• [AIM OF THE TASK]:
Your task is to retype, exactly, the line containing "Shop Wear By" and every later line through the end of the listing, with pictures omitted.

• [DATA SECTION]:
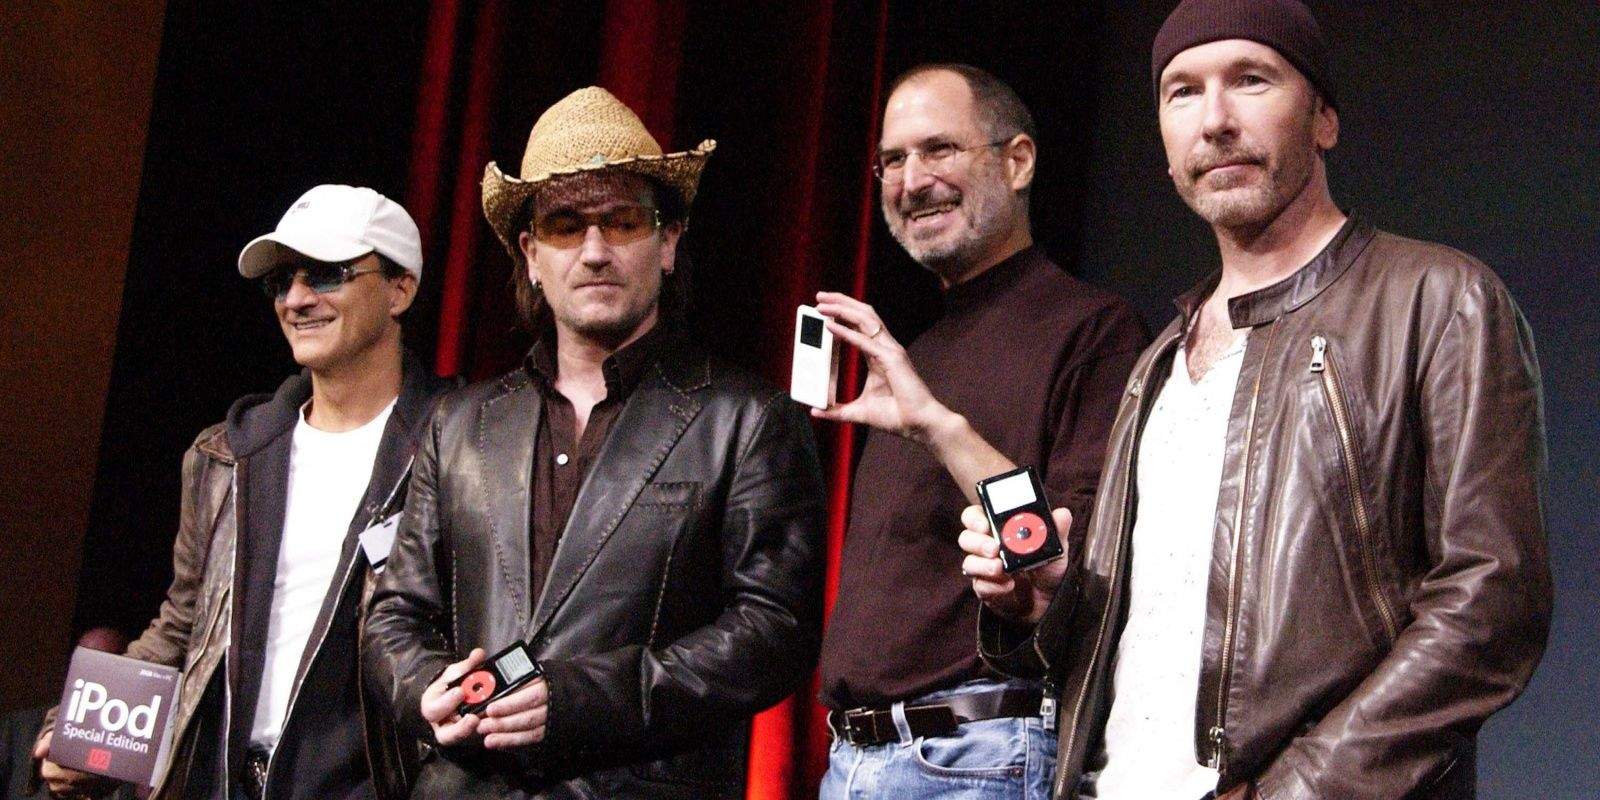 Jimmy Iovine, Bono, Steve Jobs and The Edge
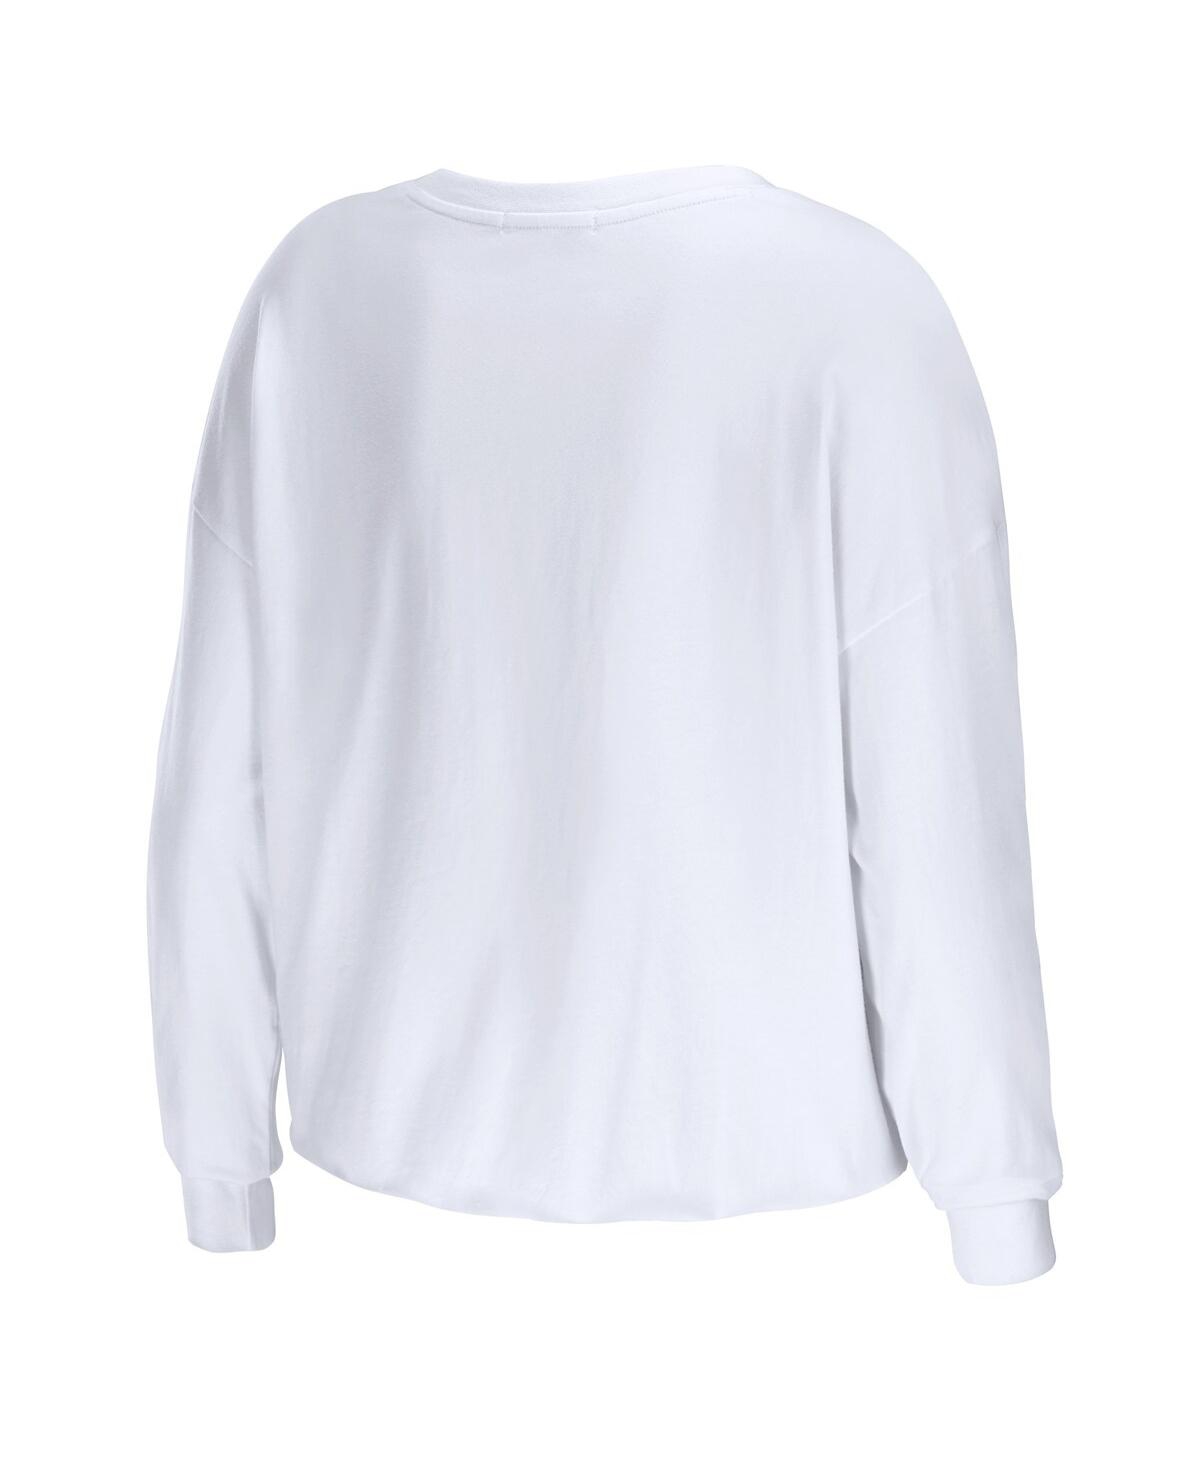 Shop Wear By Erin Andrews Women's  White Texas Longhorns Diamond Long Sleeve Cropped T-shirt
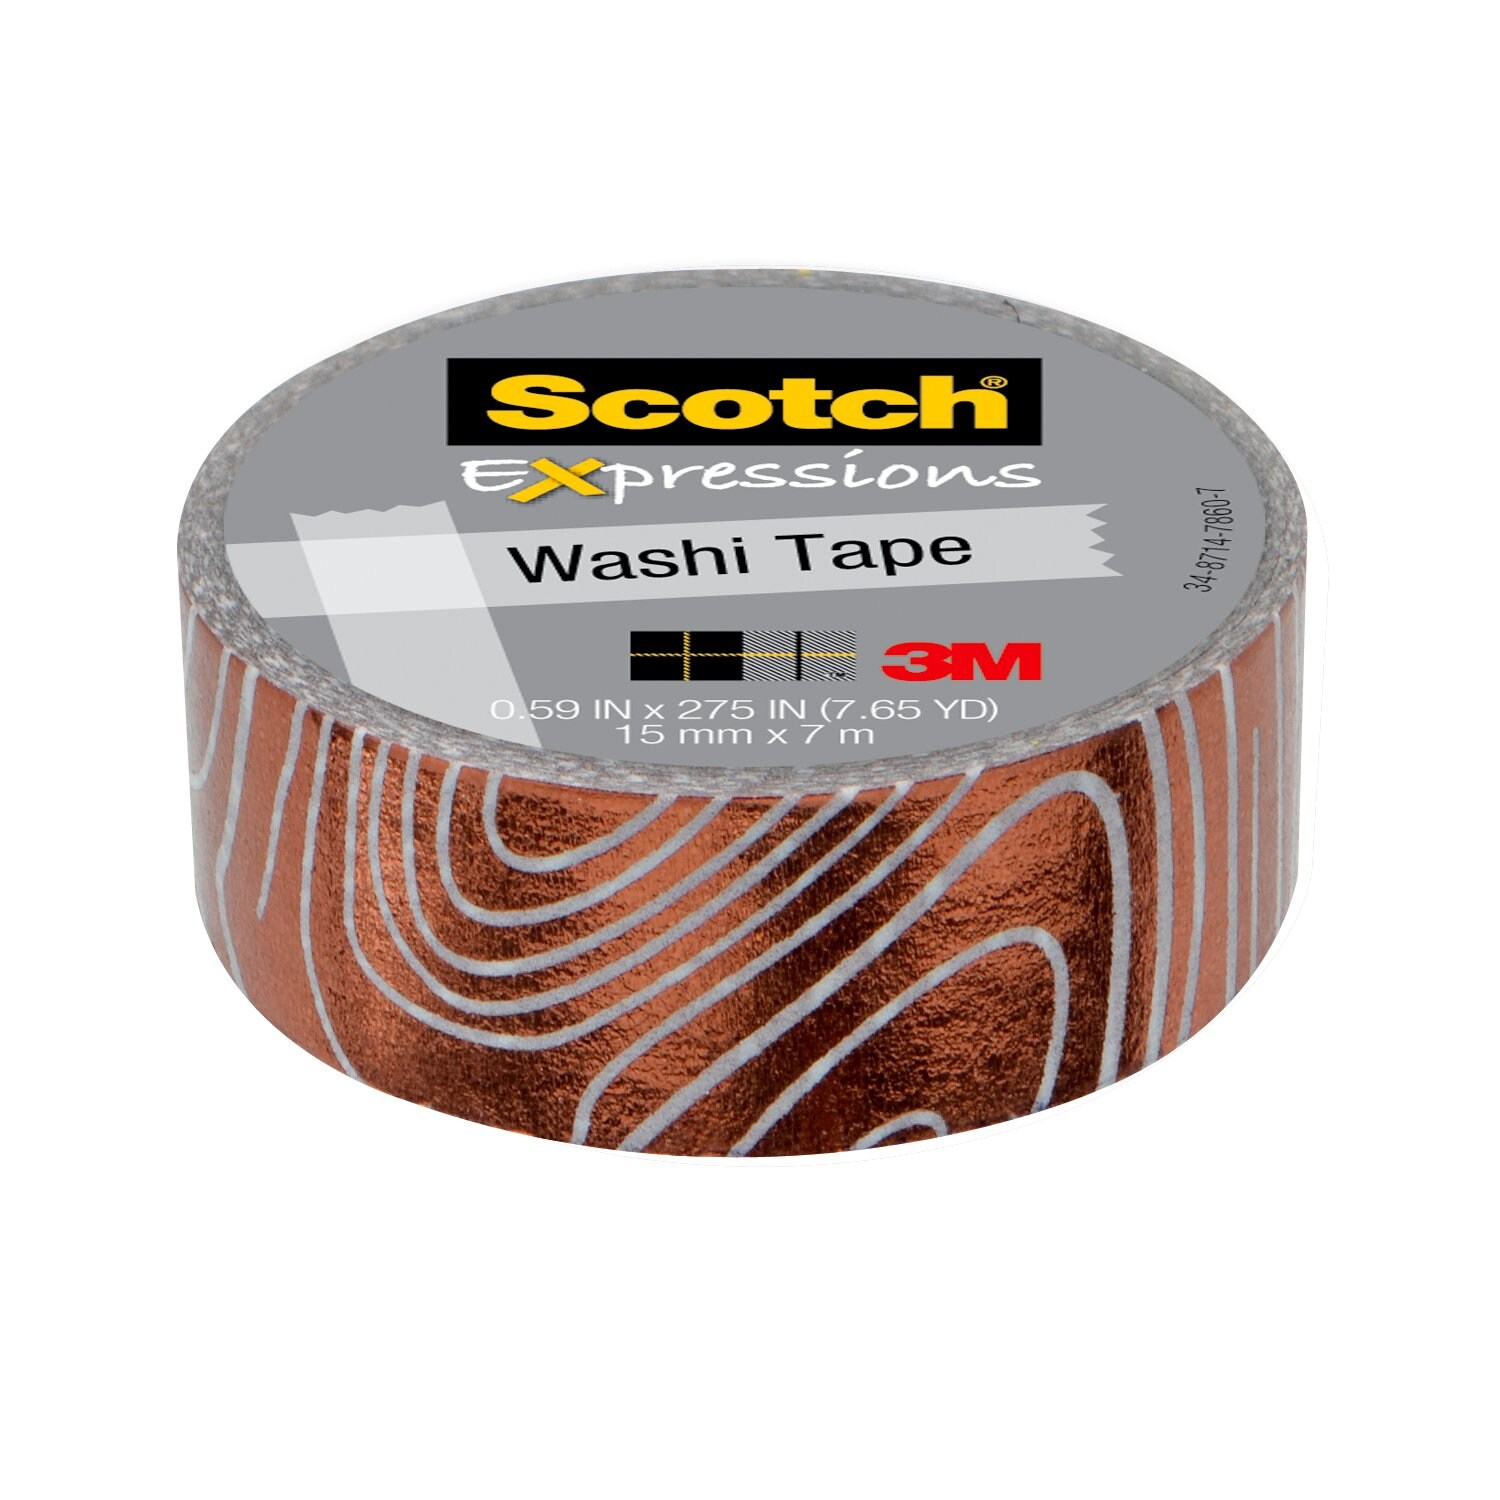 7100096964 - Scotch Expressions Washi Tape C614-P1, White and Copper Foil Swirl
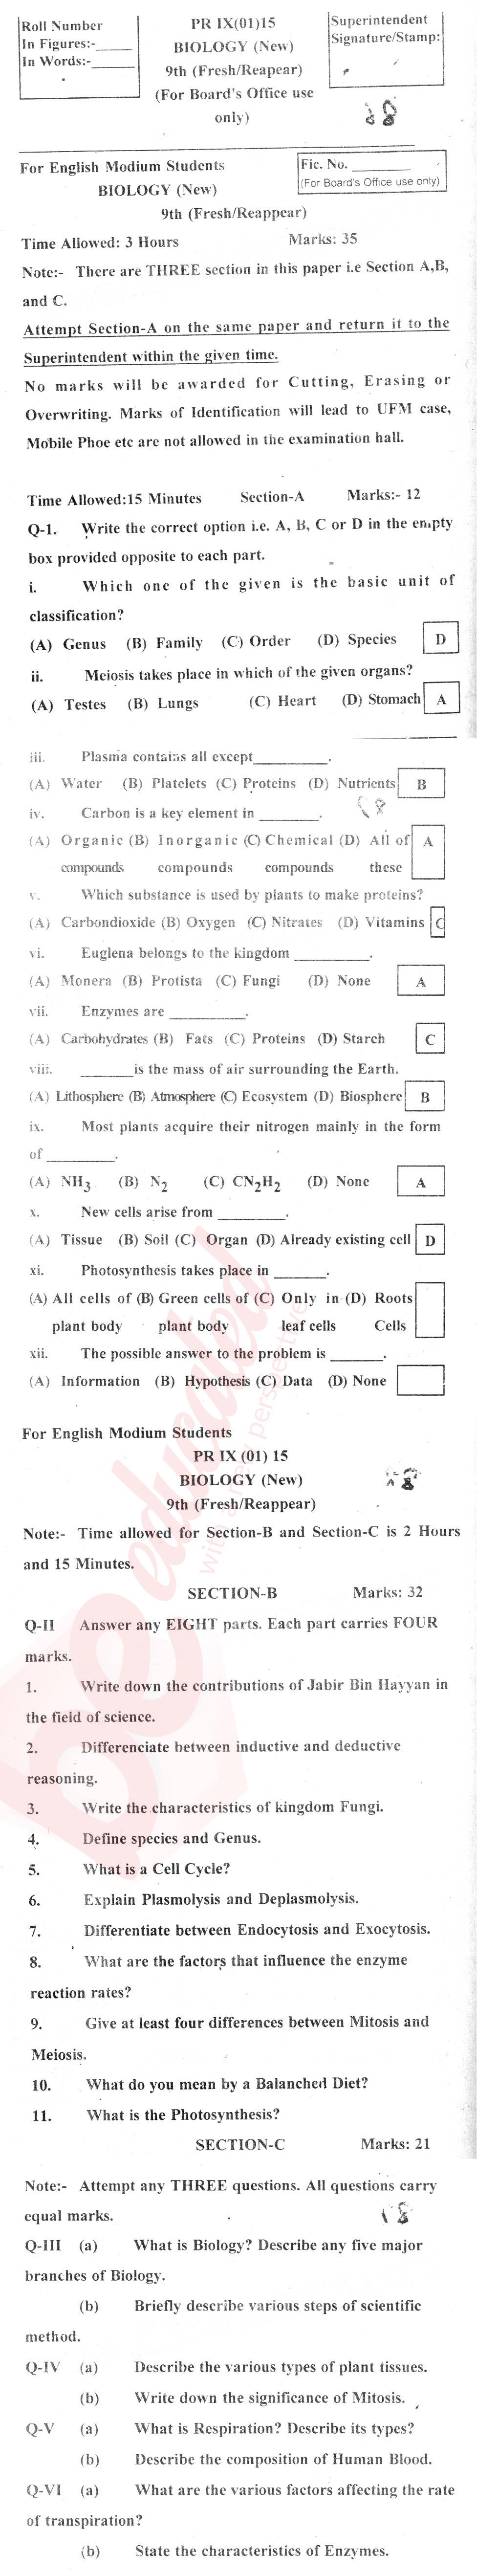 Biology 9th English Medium Past Paper Group 1 BISE Bannu 2015
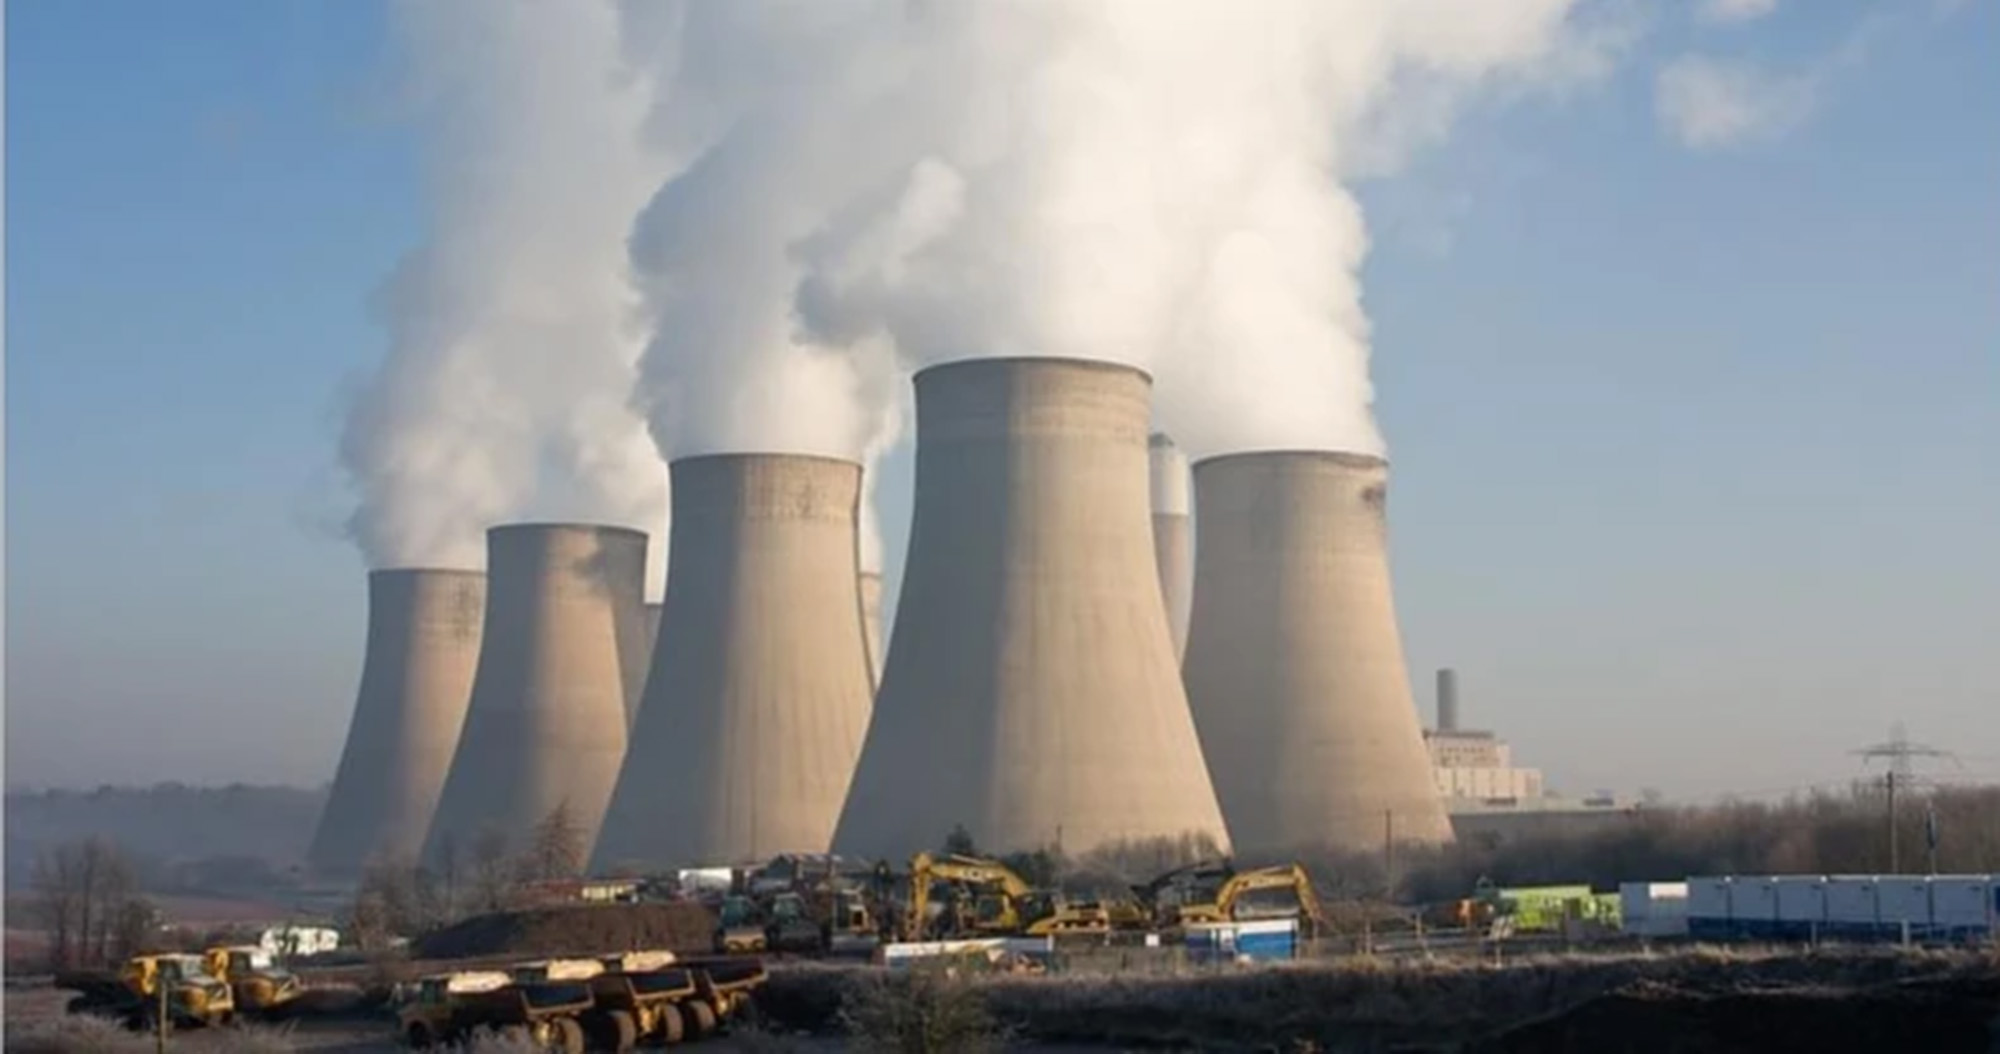 Britain’s last coal plant in line for £31m handout

• [EXERCISE OUTPUT]:
 Shop Wear By Erin Andrews Women's  White Texas Longhorns Diamond Long Sleeve Cropped T-shirt
 7100096964 - Scotch Expressions Washi Tape C614-P1, White and Copper Foil Swirl
 Biology 9th English Medium Past Paper Group 1 BISE Bannu 2015
 Britain’s last coal plant in line for £31m handout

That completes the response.